Welcome to Hey, Teach! It's a little corner at the intersection of pedagogy (mostly), teaching and learning (not the same things enough of the time), spirituality, poetry, art, powerlifting, activism, my dog, knitting and random memes that make me laugh (in other words, all the other ways I spend my time, and the things that fill me back up when my cup has decidedly decided to stop overflowing). It's admittedly a lot of intersections.
I happen to really like intersections. Four-way stops, out of all the possible ways to keep traffic flowing in a not-murder-y way, are my absolute favorite. They always have been. (Plus, I am very given to having lots of favorite random things. Punctuation marks. Onomatopoeic words. Shades of red. Sections of poems or novels, but not usually the whole novel/ poem/ etc. Moments in history. Epidemics. (PS: Black Plague FTW, everytime.) What can I say? I'm not an uncomplicated woman.)
Anyhow: four-way stops, and the reasons why I like them:
1. I think it looks like a courtly country dance, like in them there Jane Austen novels, when all the cars take their turn at just the right time.
2. You can go in any direction*.
And that's kind of my point: teaching is the most dynamic, living thing I know how to do. It is the four-way stop at the very, very, VERY weird pause between childhood and adulting all over the place, and it goes in every direction but the one you thought it would.
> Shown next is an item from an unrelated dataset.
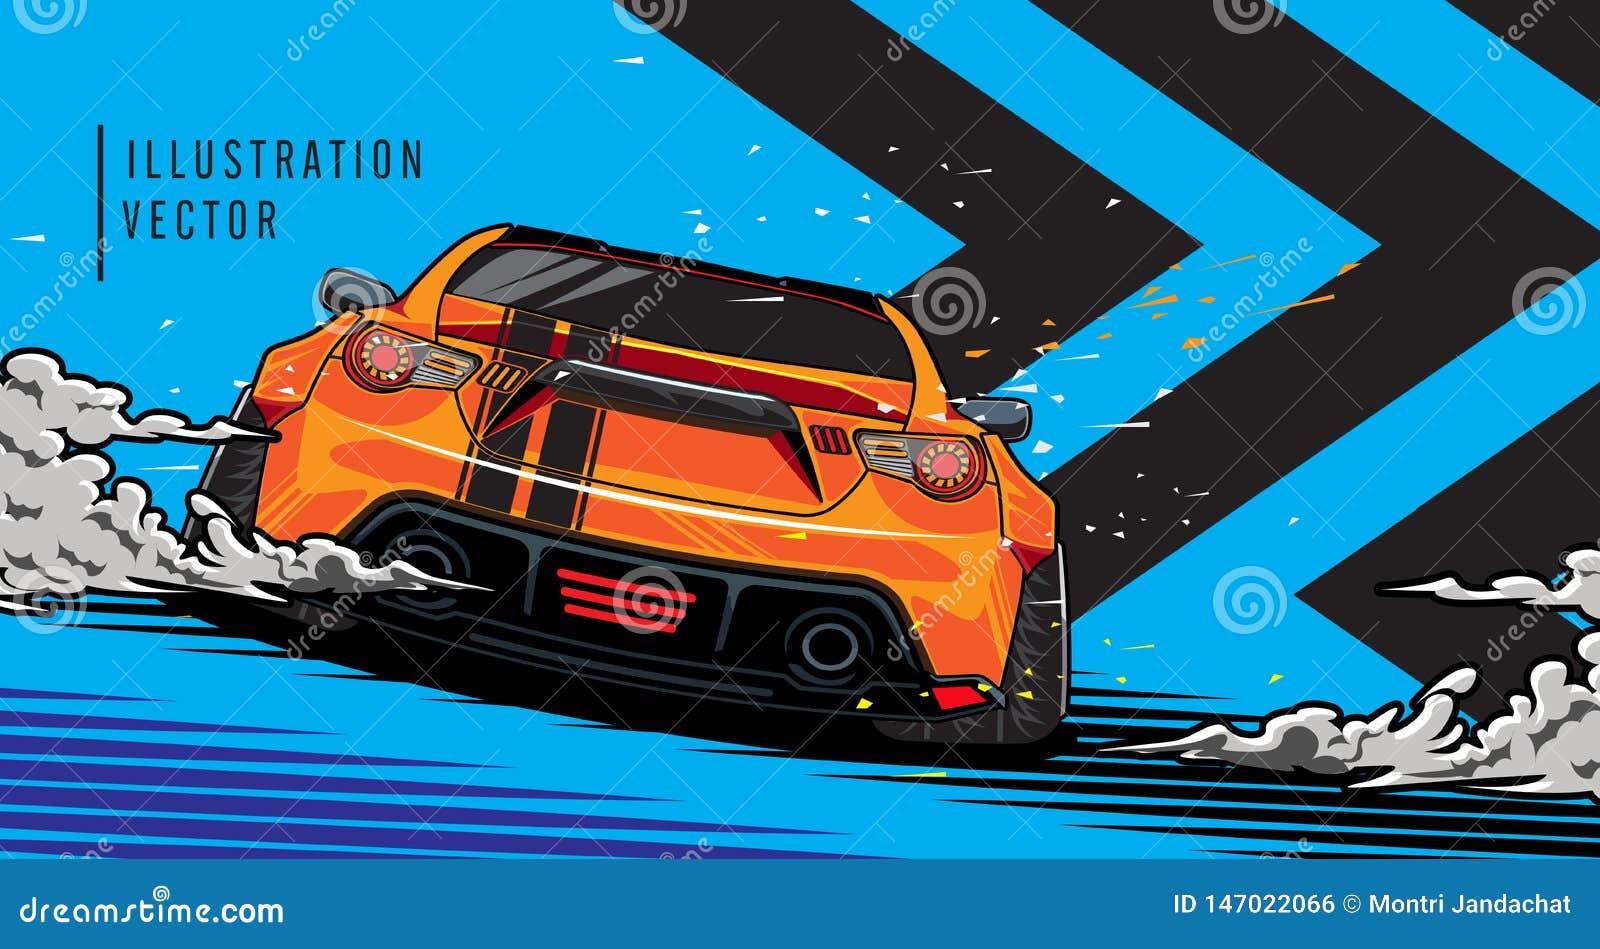 Sportwagen op de weg Het moderne en snelle voertuig rennen Super grafisch ontwerpconcept luxeauto Vector illustratie

It's a symphony, with moonstruck players and no sense of time and a rhythm section completely bent on its own way--until it isn't, and it's magical instead. (Sometimes it's so crazy magical that I feel like I'm standing at some weird Sinai moment, where an entirely new and breathtaking revelation is happening RIGHT IN FRONT OF ME, except that it's happening to a freshman who stepped out to pick the zit on his chin and now has a little bloody scab he's trying really hard to hide.) It's divinely frustrating. It requires the most patience, the most goodwill, the most humility I've ever had to muster on the regular in my whole life. I love it with a passion, and when I think about giving it up and finding something that might involve less grading and more adults, I end up meeting up with other groups of teachers, and then I think: these people are my MOTHERTRUCKING* TRIBE. Teaching, working, learning with kids: it's my gift of love back to the Universe.
It's SO FARTING COMPLICATED, is also my point. (One of them.) (By the way, my favorite punctuation mark is the parentheses, followed closely by the semicolon.) And because it's complex, because it involves real dynamics of power, authority, oppression and all the accompanying psychology those states engender--I think we forget that it's ALSO a form of art, or at least can have this transcendent invitation to make it so.
Or, sometimes, we keep it smaller than it wants to be, keep it focused on grading and content and standards till we choke out all the sparkle that comes in softly through the weird little cracks of a 9th grade class room.
Or, sometimes we only see the crazy-making administrators, the shirty schedules that have you in the classroom from 7:15-1:30 with a 15-minute break to pee and eat. the wildly unhelpful meetings, the new protocols that replaced last year's protocols that replaced the ones we had from five years ago that no one remembers why we stopped using in the first place. For every forced comment, for every random bit of iron-clad pedagogy that promises to perfect and protect every second of classroom time from now till the Messiah rings the end-of-school bell but irons out all the wrinkles and folds that make up the kids in YOUR room---
Teaching is as intersectional, as inspired, as bold and juicy and dark and real as we allow ourselves to be. It's the crack and the light; it's the breach and the man brave enough to stand in it; it's the arena and the gladiator ALL AT THE SAME TIME.
And I want to revel in it, talk about it, moan about it, maybe light a quiet light in a weird little corner of the Internet to maybe get you to fall back in love with it. Or if not, then tell me why you can't love it anymore, and we'll talk about it. Or something entirely different that I can't even imagine yet but might be better than what I'm thinking: this is a four-way stop of a blog, after all.
*=I know, not every direction. Down with your fascist literalism!*a
*a=No, I know, you're not really a fascist.
**=I'm trying really hard not to cuss, because I think my mom might be the only one to ever read this blog.